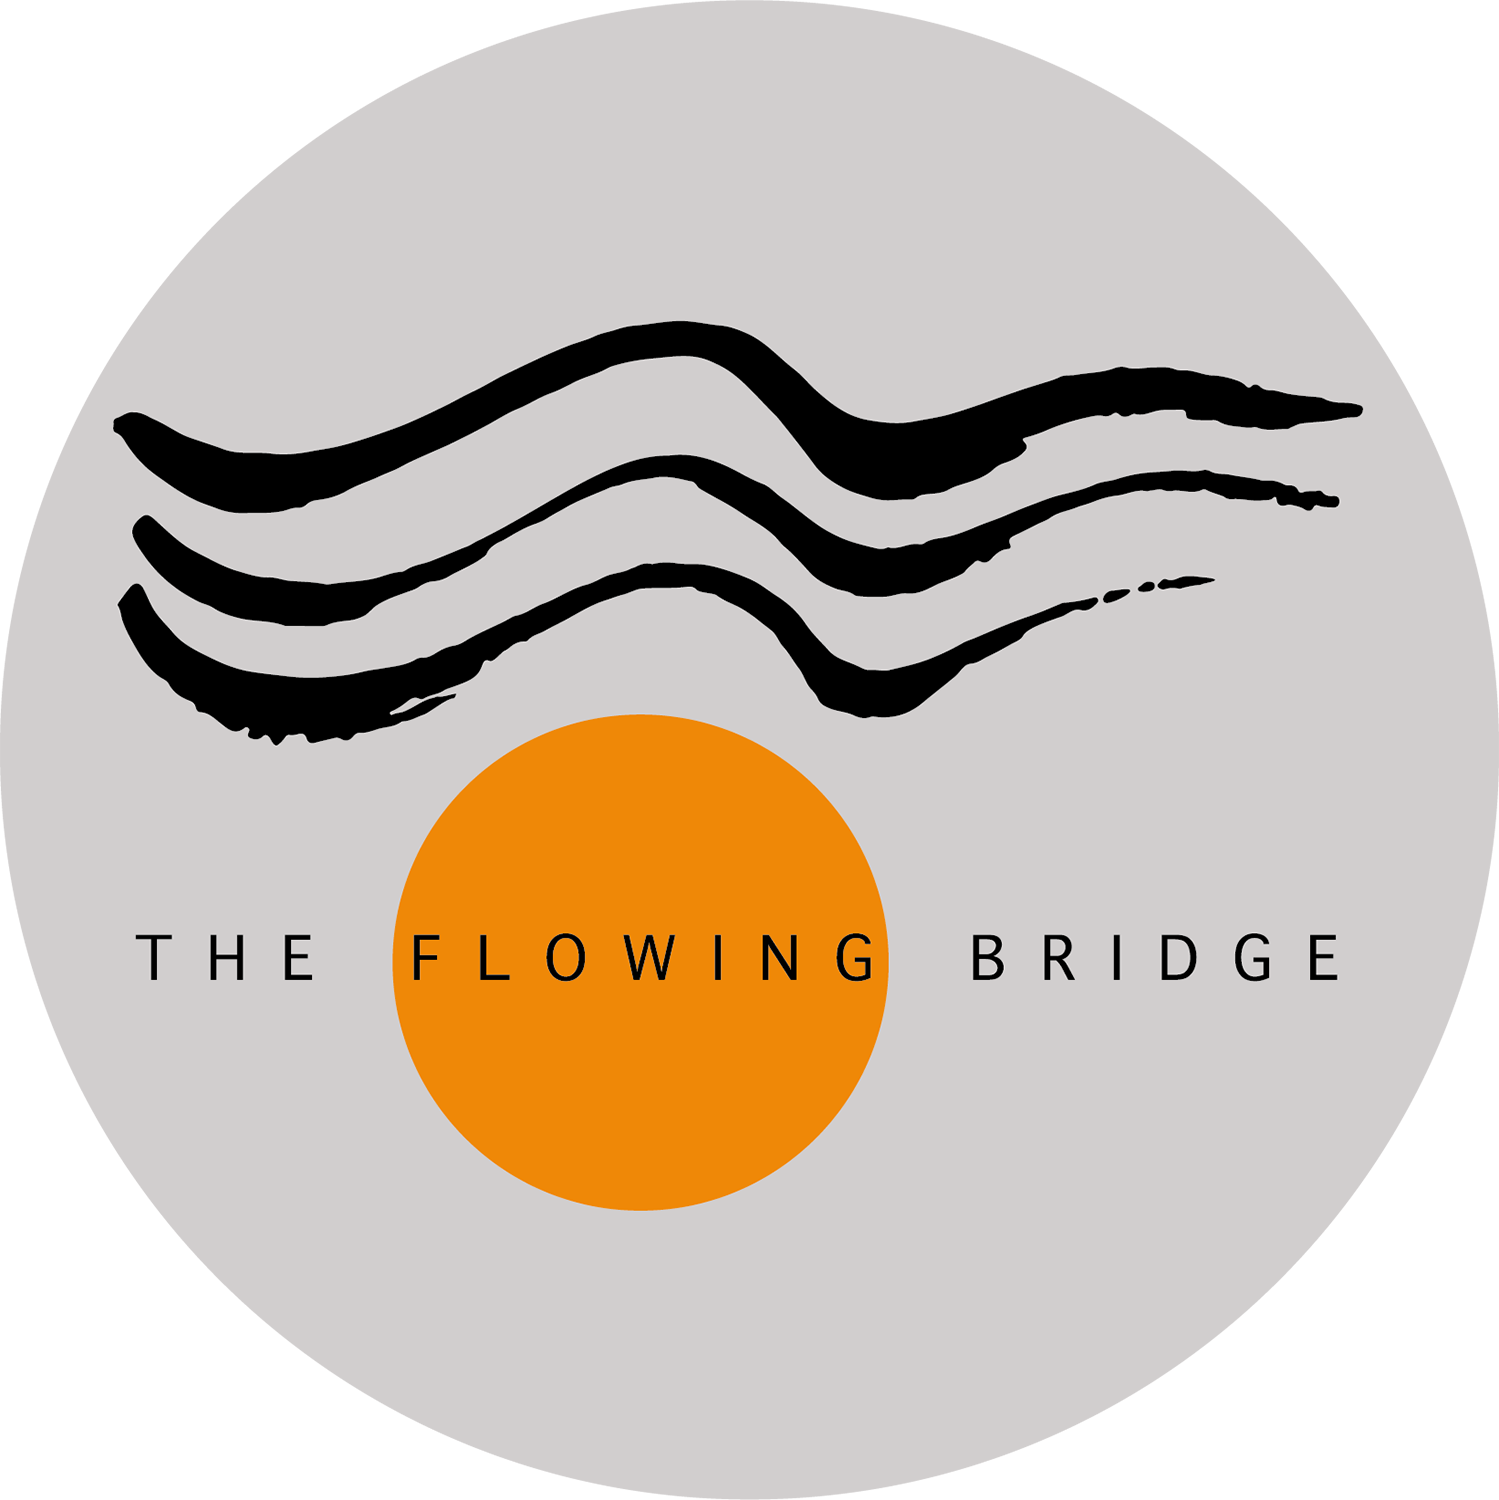 THE FLOWING BRIDGE
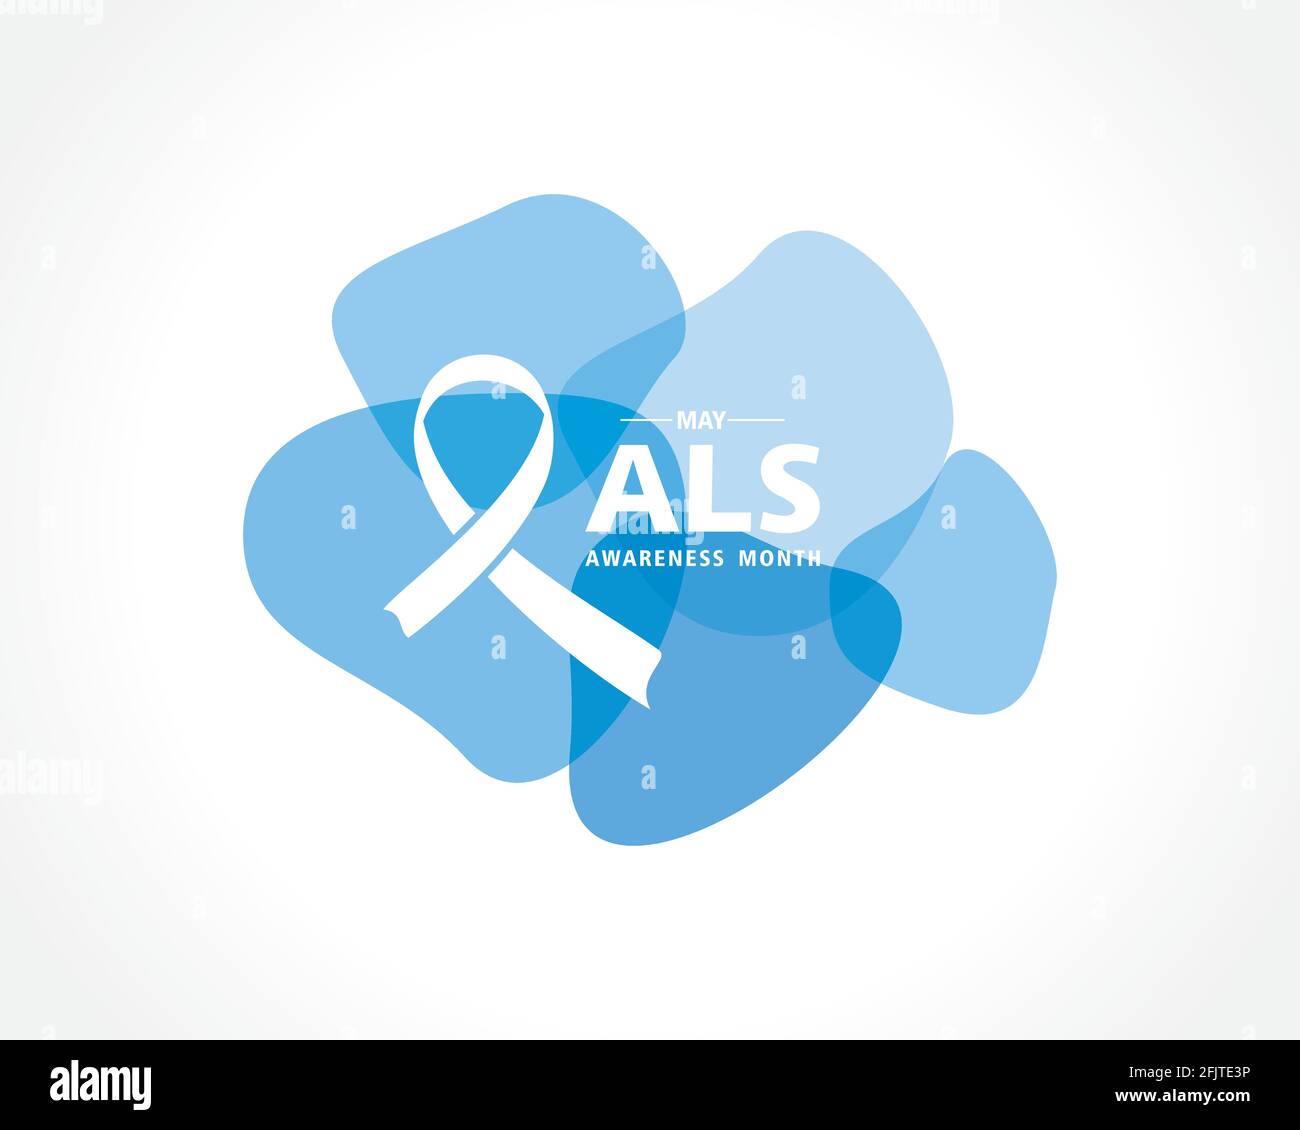 ALS Awareness
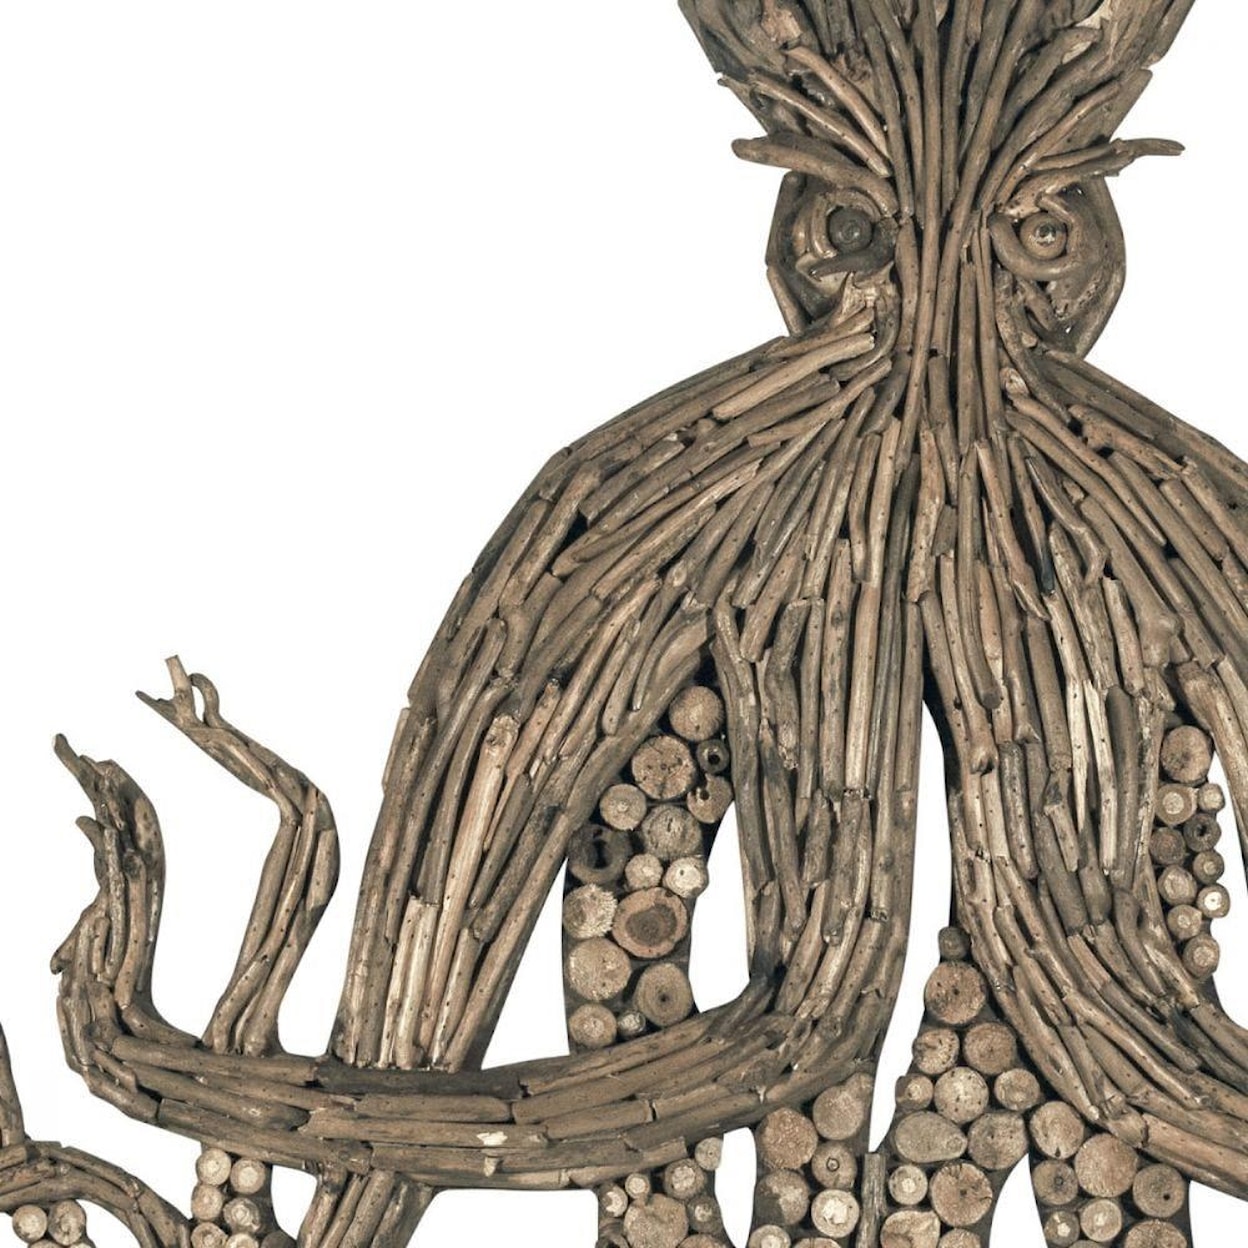 Ibolili Wall Art Driftwood Octopus

** WHAT TO WORK ON **
Repeat the full listing above without altering a word, and skip the pictures.

** YOUR SOLUTION **
 THE FLOWING BRIDGE
 ALS Awareness
 Ibolili Wall Art Driftwood Octopus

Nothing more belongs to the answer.